Sunday, July 10, 2016

Cosmoteer 0.9.4 - Copy & Paste

Today I released Cosmoteer 0.9.4. This is a release light on exciting new gameplay, but it still contains one very useful feature that's worth a blog post:

Copy & Paste

I'm generally very happy with how intuitive ship design has become. When I watch new players play the game, rarely do they have much trouble figuring out how to modify and expand their ship, thanks to many iterations and improvements to the user interface

But many players, myself included, found the process of designing larger ships (especially in Creative Mode) with repeated sections (possibly rotated and/or flipped) to be very tedious, since every part on the ship had to be added individually, even if a whole section of the ship was merely a copy of another section.

Let's say that you want to build a symmetrical ship with a center fuselage and mirrored wings on each side. So you start by designing the center fuselage and one of the wings. Prior to this release, you'd have to manually design the other wing as well, being very careful to exactly mirror the original wing. But now, you can use the new "copy and paste" tool, first selecting all the parts on the left wing...

... then clicking the "copy" button (ctrl-c works, too), followed by the "paste" (ctrl-v) button, which will load the copied parts as blueprints on your mouse cursor. Once in paste mode, you can choose to rotate and/or flip the blueprints before pasting them onto your ship...

... and then you simply click to add those parts to your ship, giving us the final result:

I'm very hopeful that this will make designing large, interesting ships much easier. Indeed, I can already find myself being more creative in my own ship designs, knowing that I won't have to duplicate any designs that I want to repeat elsewhere. (It's also worth noting that the copy & paste tool can be used to copy between ships as well.)

While this may seem like a pretty basic feature, it was actually a very serious technical undertaking to get this working.

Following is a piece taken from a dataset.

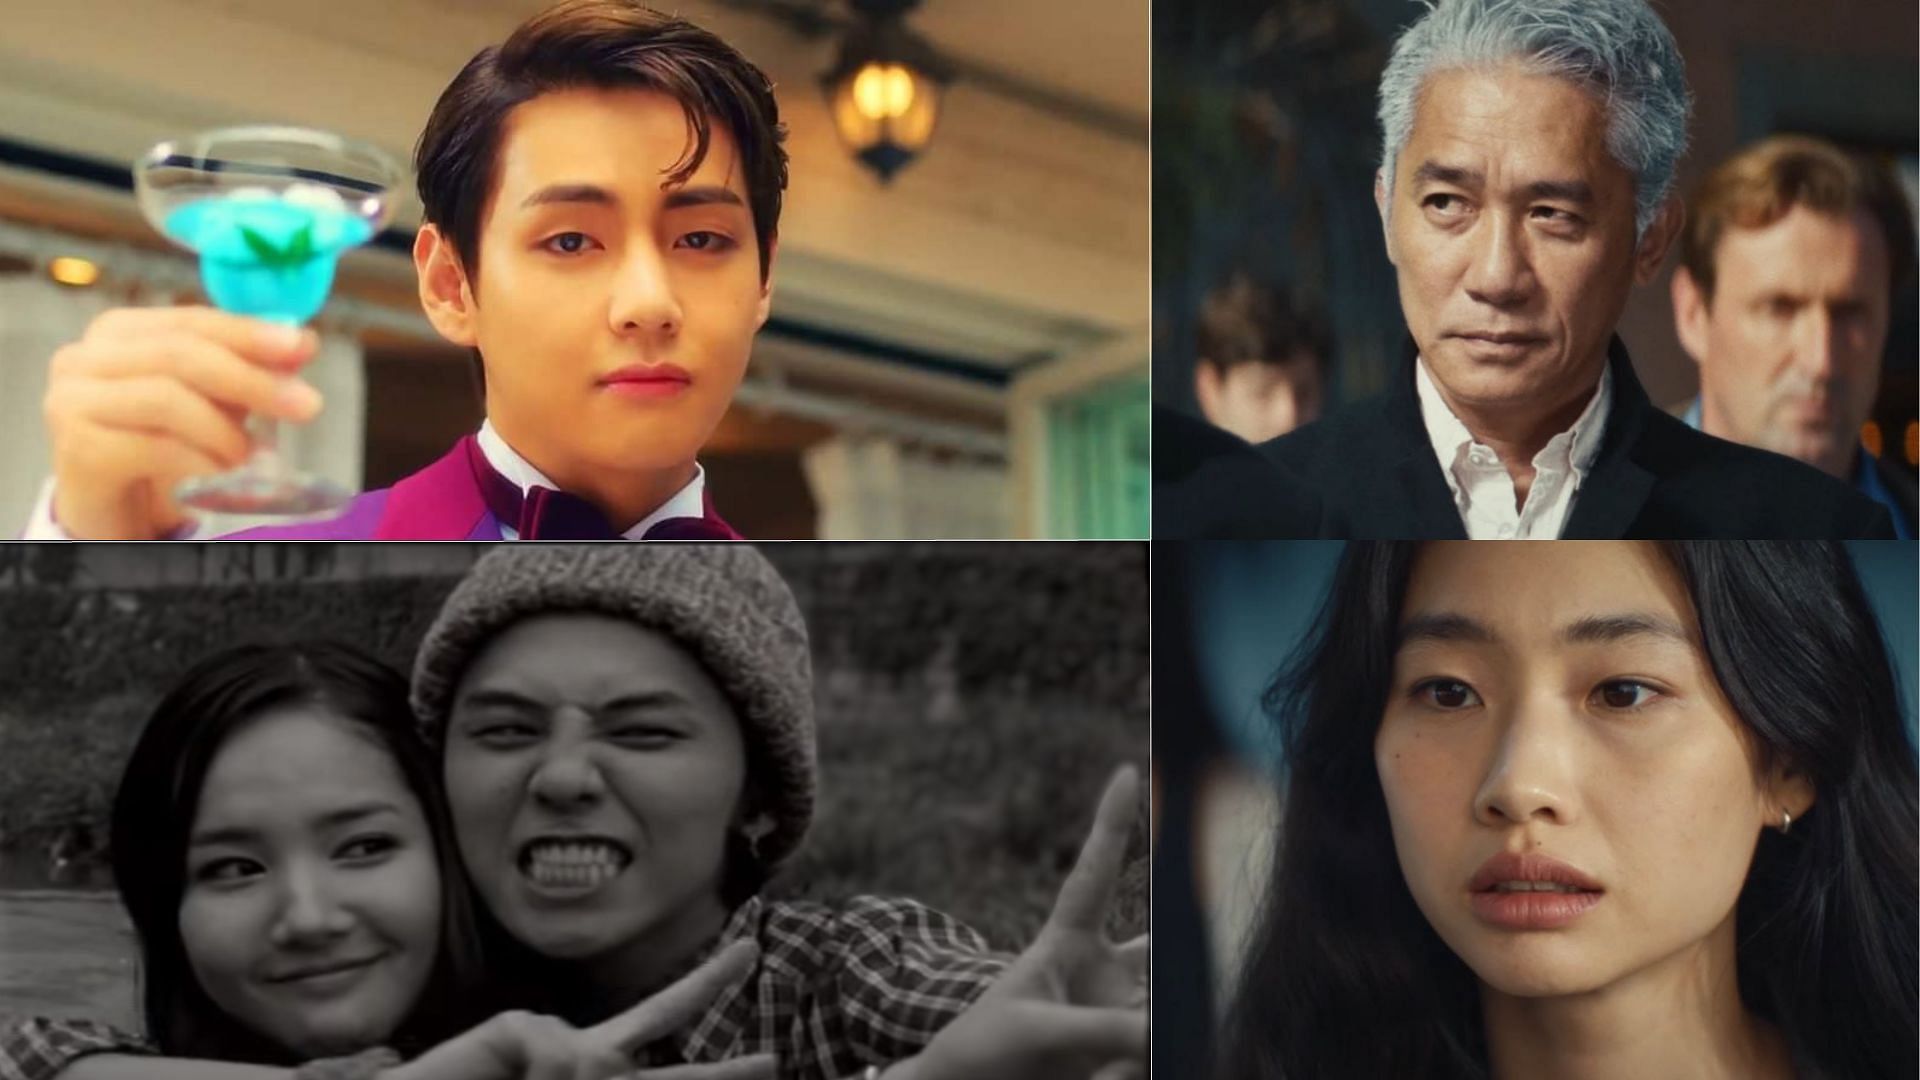 Global stars have made cameos on many K-pop music videos.

Ever since I (re)introduced the now-default "live design" mode, I've had code logic to determine whether adding a single part to a particular location was legal, but there was no code to determine whether adding multiple parts in arbitrary locations was legal, which is a far harder problem to solve, because some of those new parts may only be legal because of other parts that are also being added or may be illegal because of other added parts.